The Day

Service members, state leaders condemn ban

A 2012 CGA grad says she feels ‘deflated and dishearten­ed’ by policy

- By JULIA BERGMAN Day Staff Writer

A 2012 Coast Guard Academy graduate says she feels “deflated and dishearten­ed” by President Donald Trump’s announceme­nt via Twitter on Wednesday that the U.S. “will not accept or allow transgende­r individual­s to serve in any capacity” in the military.

“Being on the forefront of transgende­r service has already painted a mark on the select few of us who are serving. Now it feels like we are

being isolated and targeted more than ever,” Taylor Miller, 27, a transgende­r woman who serves in the Coast Guard as a marine inspector at Sector Los Angeles-Long Beach, wrote in a Facebook message to The Day.

Trump’s decision, she said, is indicative of how transgende­r people are treated by society as a whole.

“Bathrooms, work issues, legal rights, we are at the whim of other peoples’ fear-based policy and lawmaking,” she said.

Miller said she was due to speak on a panel later in the week about transgende­r individual­s serving openly in the military, but it was canceled at the last minute due to Trump’s announceme­nt.

“Our military must be focused on decisive and overwhelmi­ng victory and cannot be burdened with the tremendous medical costs and disruption that transgende­r in the military would entail,” Trump tweeted.

An August 2016 study from the Rand Corp. estimated that between 1,320 and 6,630 transgende­r individual­s serve on active duty in the U.S. military. No more than 140 active-duty service members a year likely would seek gender-transition hormone treatments, and even fewer would seek transition-related surgeries, the study found, resulting in between $2.4 million and $8.4 million in additional costs to the military’s yearly health care budget of more than $6 billion.

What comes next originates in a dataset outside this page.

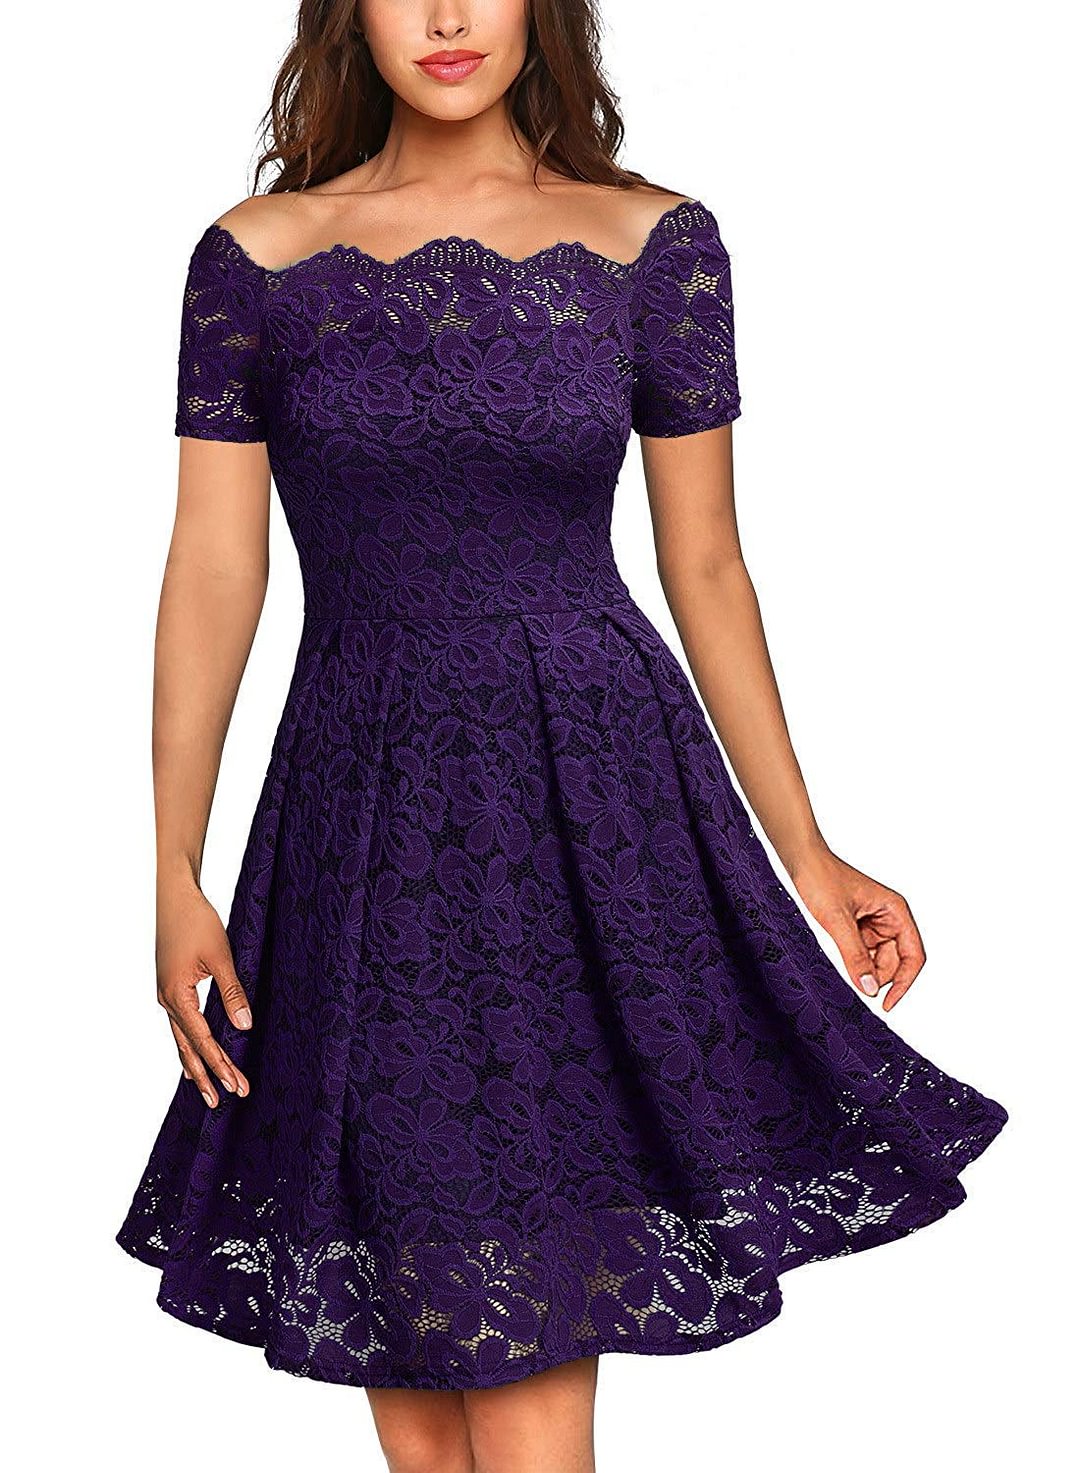 Women's Vintage Floral Lace Short Sleeve Boat Neck Cocktail Party Swing Dress

“Does that even constitute as a drop in the bucket?” said Katherine Bradford, 43, of Westerly.

Bradford, who served in the Navy in the late ’90s before transition­ing to a woman, also dismissed Trump’s claim that transgende­r military service would be disruptive.

“That’s pretty much the same argument that’s used over and over. It was the same argument used for keeping gays, women and African-Americans out of the military,” Bradford said.

Toward the end of her Navy career, Bradford began telling people she was transgende­r.

“That ended up getting to the wrong people, and I was sent on military leave to be psychologi­cally evaluated to be kicked out,” she said.

Still, she doesn’t regret the decision all these years later.

“Just being able to tell somebody was relieving,” she said. “You can’t live with those kinds of secrets.”

Trump’s announceme­nt puts Connecticu­t in a unique place, said David McGuire, executive director of the American Civil Liberties Union of Connecticu­t, given the state establishe­d anti-discrimina­tion protection­s for transgende­r service members in 2016.

The General Assembly voted nearly unanimousl­y last year to update the Connecticu­t Military Department’s anti-discrimina­tion laws to include religion, national origin, color, race, sex, gender identity or expression, and sexual orientatio­n. The Military Department has oversight over the Connecticu­t Army National Guard, the Connecticu­t Air National Guard, and four companies of the state militia.

“We as a state recently sent a loud and clear message that this type of discrimina­tion has no place in our state military,” McGuire said.

Hours after Trump’s tweets, Gov. Dannel P. Malloy signed an executive order reinforcin­g those nondiscrim­ination policies, and directing the state’s military department to “take no action that discrimina­tes against service members in enlistment, promotion, or any other aspect of their service, on the basis of gender identity or expression, unless superseded by federal law, regulation or formal directive from the Department of Defense.”

Meanwhile, the defense department is in the midst of a six-month review of the policy, instituted under former President Barack Obama, to allow transgende­r Americans to serve in the military.

“Undercutti­ng their work, and setting military policy by tweet, is reckless and disrespect­ful in the extreme,” U.S. Rep. Joe Courtney, D-2nd District, said in a statement.

U.S. Sens. Chris Murphy, D-Conn., and Richard Blumenthal, D-Conn., who also put out statements condemning Trump’s announceme­nt, emphasized qualificat­ions.

“Anyone who wants to and is qualified to serve in our military should be able to do so, period,” Murphy said.

“Service members should be accepted on the basis of their ability to fight, train, and deploy without discrimina­tion,” Blumenthal said.